- Exercise instructions:
Without changing a single character, copy every record below.

[Information shown Boundary: Start]

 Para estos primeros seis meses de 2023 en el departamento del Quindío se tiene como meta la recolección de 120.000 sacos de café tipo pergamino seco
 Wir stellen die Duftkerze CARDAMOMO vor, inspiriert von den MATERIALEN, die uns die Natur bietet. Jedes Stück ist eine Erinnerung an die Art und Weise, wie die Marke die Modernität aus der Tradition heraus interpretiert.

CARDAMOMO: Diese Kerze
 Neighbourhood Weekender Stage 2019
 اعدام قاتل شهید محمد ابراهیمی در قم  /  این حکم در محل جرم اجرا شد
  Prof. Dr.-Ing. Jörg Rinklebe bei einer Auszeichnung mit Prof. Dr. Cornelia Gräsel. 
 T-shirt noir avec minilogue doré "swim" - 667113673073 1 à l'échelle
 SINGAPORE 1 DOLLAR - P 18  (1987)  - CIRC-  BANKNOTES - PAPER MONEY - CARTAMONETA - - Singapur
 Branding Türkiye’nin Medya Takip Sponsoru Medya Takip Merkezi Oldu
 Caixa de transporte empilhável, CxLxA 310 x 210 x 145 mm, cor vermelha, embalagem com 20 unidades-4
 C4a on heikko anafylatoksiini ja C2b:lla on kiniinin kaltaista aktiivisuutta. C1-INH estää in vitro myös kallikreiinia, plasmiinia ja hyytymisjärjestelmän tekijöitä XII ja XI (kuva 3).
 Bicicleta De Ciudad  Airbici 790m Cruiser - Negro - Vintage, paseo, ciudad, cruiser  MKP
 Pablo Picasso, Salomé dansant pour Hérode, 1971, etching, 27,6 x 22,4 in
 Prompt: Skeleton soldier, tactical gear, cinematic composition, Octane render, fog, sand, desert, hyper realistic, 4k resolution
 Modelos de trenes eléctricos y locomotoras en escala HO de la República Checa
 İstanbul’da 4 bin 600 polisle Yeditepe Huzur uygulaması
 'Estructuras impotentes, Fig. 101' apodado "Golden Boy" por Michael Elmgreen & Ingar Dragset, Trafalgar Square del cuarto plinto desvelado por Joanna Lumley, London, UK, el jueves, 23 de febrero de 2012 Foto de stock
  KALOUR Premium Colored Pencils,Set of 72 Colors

[Information shown Boundary: End]

- Task answer:
 Para estos primeros seis meses de 2023 en el departamento del Quindío se tiene como meta la recolección de 120.000 sacos de café tipo pergamino seco
 Wir stellen die Duftkerze CARDAMOMO vor, inspiriert von den MATERIALEN, die uns die Natur bietet. Jedes Stück ist eine Erinnerung an die Art und Weise, wie die Marke die Modernität aus der Tradition heraus interpretiert.

CARDAMOMO: Diese Kerze
 Neighbourhood Weekender Stage 2019
 اعدام قاتل شهید محمد ابراهیمی در قم  /  این حکم در محل جرم اجرا شد
  Prof. Dr.-Ing. Jörg Rinklebe bei einer Auszeichnung mit Prof. Dr. Cornelia Gräsel. 
 T-shirt noir avec minilogue doré "swim" - 667113673073 1 à l'échelle
 SINGAPORE 1 DOLLAR - P 18  (1987)  - CIRC-  BANKNOTES - PAPER MONEY - CARTAMONETA - - Singapur
 Branding Türkiye’nin Medya Takip Sponsoru Medya Takip Merkezi Oldu
 Caixa de transporte empilhável, CxLxA 310 x 210 x 145 mm, cor vermelha, embalagem com 20 unidades-4
 C4a on heikko anafylatoksiini ja C2b:lla on kiniinin kaltaista aktiivisuutta. C1-INH estää in vitro myös kallikreiinia, plasmiinia ja hyytymisjärjestelmän tekijöitä XII ja XI (kuva 3).
 Bicicleta De Ciudad  Airbici 790m Cruiser - Negro - Vintage, paseo, ciudad, cruiser  MKP
 Pablo Picasso, Salomé dansant pour Hérode, 1971, etching, 27,6 x 22,4 in
 Prompt: Skeleton soldier, tactical gear, cinematic composition, Octane render, fog, sand, desert, hyper realistic, 4k resolution
 Modelos de trenes eléctricos y locomotoras en escala HO de la República Checa
 İstanbul’da 4 bin 600 polisle Yeditepe Huzur uygulaması
 'Estructuras impotentes, Fig. 101' apodado "Golden Boy" por Michael Elmgreen & Ingar Dragset, Trafalgar Square del cuarto plinto desvelado por Joanna Lumley, London, UK, el jueves, 23 de febrero de 2012 Foto de stock
  KALOUR Premium Colored Pencils,Set of 72 Colors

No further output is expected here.